The textual analysis tools are designed to operate on textual data which can either be read in directly from ctext.org via API, or copied into the tool from elsewhere. If you open the tool by using the ctext.org plugin, that text will be automatically loaded and displayed. To load additional texts from ctext, copy the URN for the text (or chapter) into the box labeled “Fetch text by URN” in the Text Tools window, and click “Fetch”. When the text has loaded, its contents will be displayed along with its title. To add more texts, click “Save/add another text”, then repeat the procedure. The list of currently selected texts is displayed at the top of the window.

N-grams

“N-grams” are sequences of n consecutive textual items, where n is some fixed integer (e.g. n=1, n=3, etc.). The “textual items” are usually either terms (words) or characters; for Chinese in particular, characters are frequently used rather than words because of the difficulty of accurately segmenting Chinese text into a sequence of separate words automatically. For instance, the sentence “學而時習之不亦說乎” contains the following character 3-grams (i.e. unique sequences of exactly three characters): “學而時”, “而時習”, “時習之”, “習之不”, “之不亦”, “不亦說”, “亦說乎”.

The Text Tools “N-gram” function can be used to give a simple overview of various types of word usage in Chinese texts by means of character n-grams. The simplest cases of n-grams are 1-grams, which are simply character occurrence counts or frequencies.

Exercise:
  • Try computing 1-grams for two or three texts from ctext – you will need to set “Value of n” to 1 to do this. To better visualize the trends, use the “Chart” link to plot a bar chart of the raw data. Try this with and without normalization.
  • Repeat with 2- and 3-grams.
  • If you chose texts which ought to be broadly comparable in length, try repeating with two texts of vastly different lengths and/or styles (e.g. 道德經 and 紅樓夢) with and without normalization to demonstrate how this alters the results.

Word clouds are another type of visualization that can be made with this type of data, in which labels are drawn in different sized text proportional to their frequency of occurrence (or, more usually, proportionally to the log of their frequency). Typically word clouds are created from a single text or merged corpus, using either characters or words, however the same principles extend naturally to n-grams (and regular expressions) generally, as well as to multiple texts. In Text Tools, visualizing data for multiple texts causes the data for each distinct text to be displayed in a different color. Similar comments apply regarding normalization: if counts for different texts are not normalized according to length, longer texts will naturally tend to have larger labels.

Exercise:
  • Create word clouds for a single text, and for two or more texts. Experiment with the “Use log scale” setting in the Word cloud tab – it should quickly become clear why a log scale is usually used for word clouds.

Textual similarity

The Similarity tool uses n-gram shingling to identify and visualize text reuse relationships. To use it, first load one or more texts, select any desired options, and click “Run”.
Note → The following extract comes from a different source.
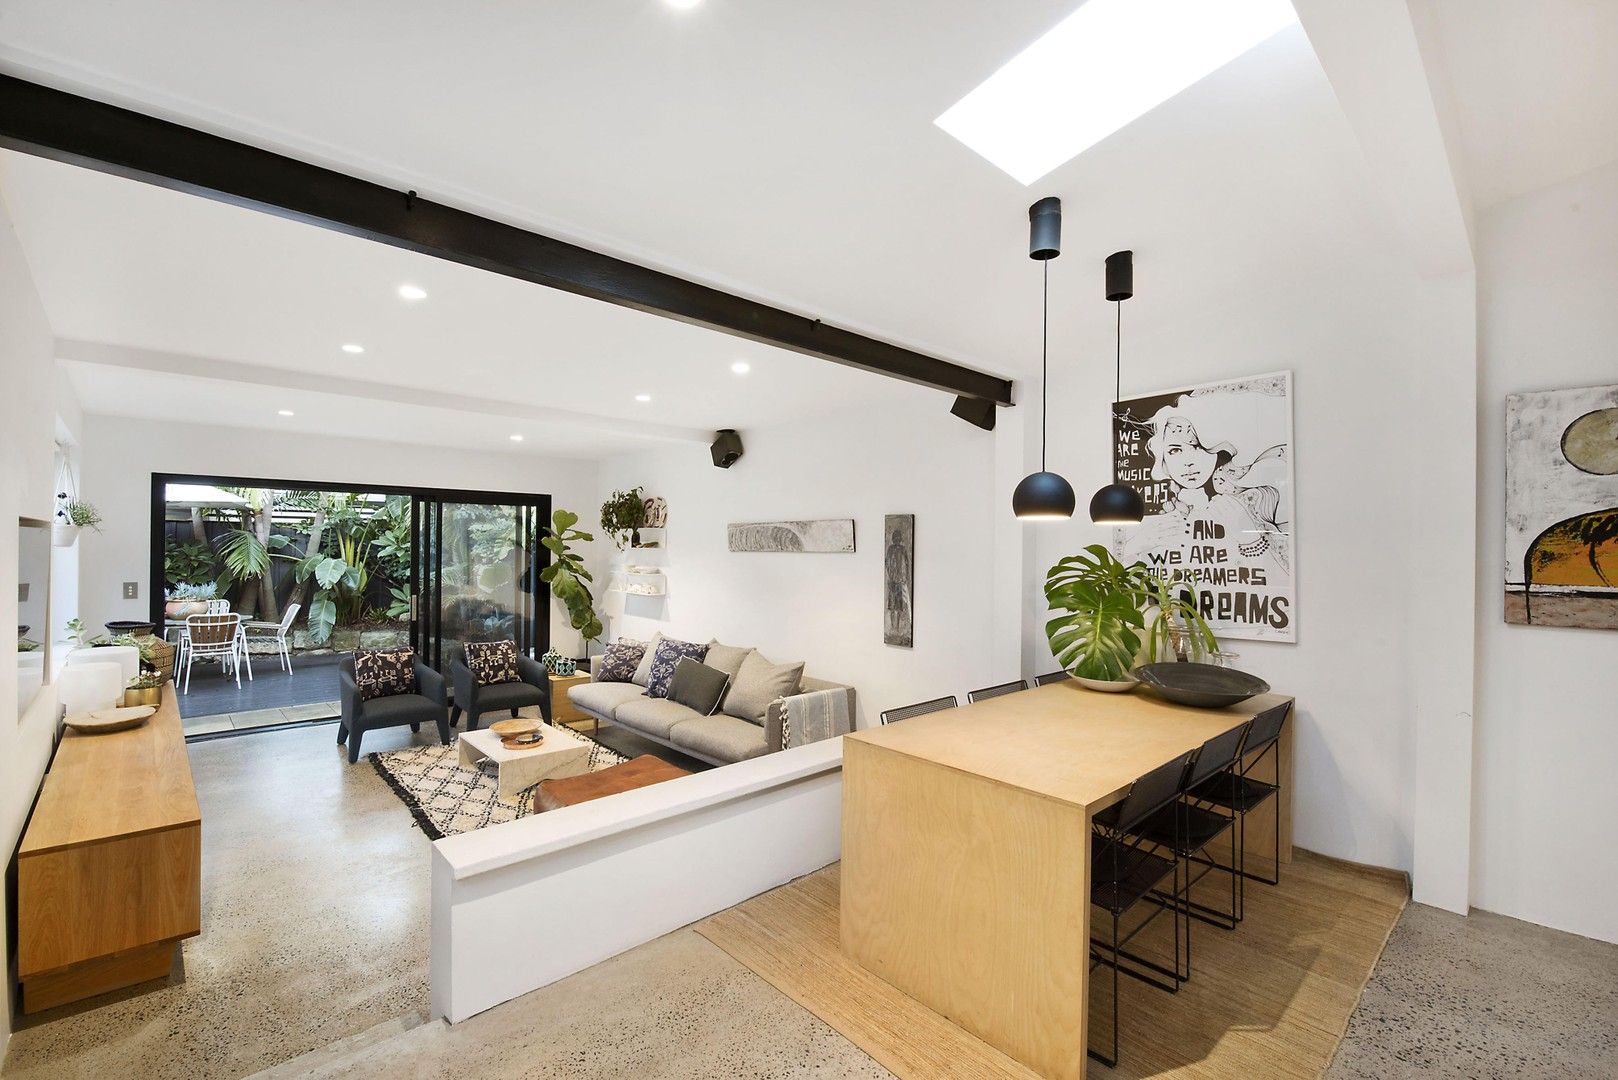 2 bedrooms House in 22 Wiley Street WAVERLEY NSW, 2024

What is identified by this tool are shared n-grams between parts of the specified texts: rather than reporting all n-grams (as the N-gram tool does), this tool only reports n-grams that are repeated in more than one place, and calculates the total number of shared n-grams between pairs of chapters. Thus unlike the N-gram tool (when “minimum count is set to 1″), larger values of n will result in fewer results being reported, because shorter n-grams are more likely to occur in multiple places, while longer ones will be less common, as well as more strongly indicative of a text reuse relationship existing between the items being compared.

There are two tabs within the output for the similarity tool: the “Matched text” tab shows the n-grams which matched, with brighter shades of red corresponding to greater numbers of overlapping n-grams; the “Chapter summary” tab aggregates the counts of matched n-grams between all pairs of chapters.

Exercise:
  • Run the similarity tool on the Analects with n=5.
  • Experiment with the “Constraint” function by clicking on chapter titles to limit the display to passages having parallels with the specified chapter or pair of chapters.
  • Select a few of the matched n-grams by clicking on them; this will result in a different type of constraint showing where exactly that n-gram was matched
  • Text reuse can be visualized as a weighted network graph. You can do this for your n-gram similarity results by clicking the “Create graph” link in the “Chapter summary” tab, then clicking “Draw”.
  • Which chapters of the Analects have the strongest text reuse relationship according to this metric? You can probably see this straight away from the graph, however you can also check this numerically by returning to the Chapter summary tab, and sorting the table by similarity – clicking on the titles of columns in any Text Tools table sorts it by that column (click a second time to toggle sort order).
  • Returning to the graph (you can click the “Network” link at the top of the page to switch pages), the edges of the graph have a concrete meaning defined in terms of identified similarities. Double-clicking on an edge will reopen the Similarity tool, with the specific similarities underwriting the selected edge highlighted. Examine some of the edges using this function, including the thickest and thinnest edges.
  • Experiment with increasing and decreasing the value of n – how does this affect the results?
  • By default, the graph contains edges representing every similarity identified. Particularly for smaller values of n, some of these relationships will not be significant, and this may result in edges being drawn between almost all pairs of nodes in the graph, complicating the picture and obscuring genuine patterns. Experiment with simplifying the graph by setting a threshold (e.g. 0.001) for the “Skip edges with weight less than” setting – this will simplify the graph by removing those edges with relatively small amounts of reuse. Compare this with the results of increasing the value of n in the similarity tool, which will also decrease the number of edges as more trivial similarities are excluded.
  • The Similarity tools also works with multiple texts; if multiple texts are loaded and a graph is created, different colors will be used to distinguish between chapters of different texts. Try this with the Xunzi and the Zhuangzi, two very dissimilar texts which nonetheless do have reuse relationships with one another (this may take a few seconds to run – the similarity tool will take longer for larger amounts of text).

Regular expressions

A regular expression (often shortened to “regex”) is a pattern which can be searched for in a body of text. In the simplest case, a regular expression is simply a string of characters to search for; however by supplementing this simple idea with specially designed syntax, it is possible to express much more complex ways of searching for data.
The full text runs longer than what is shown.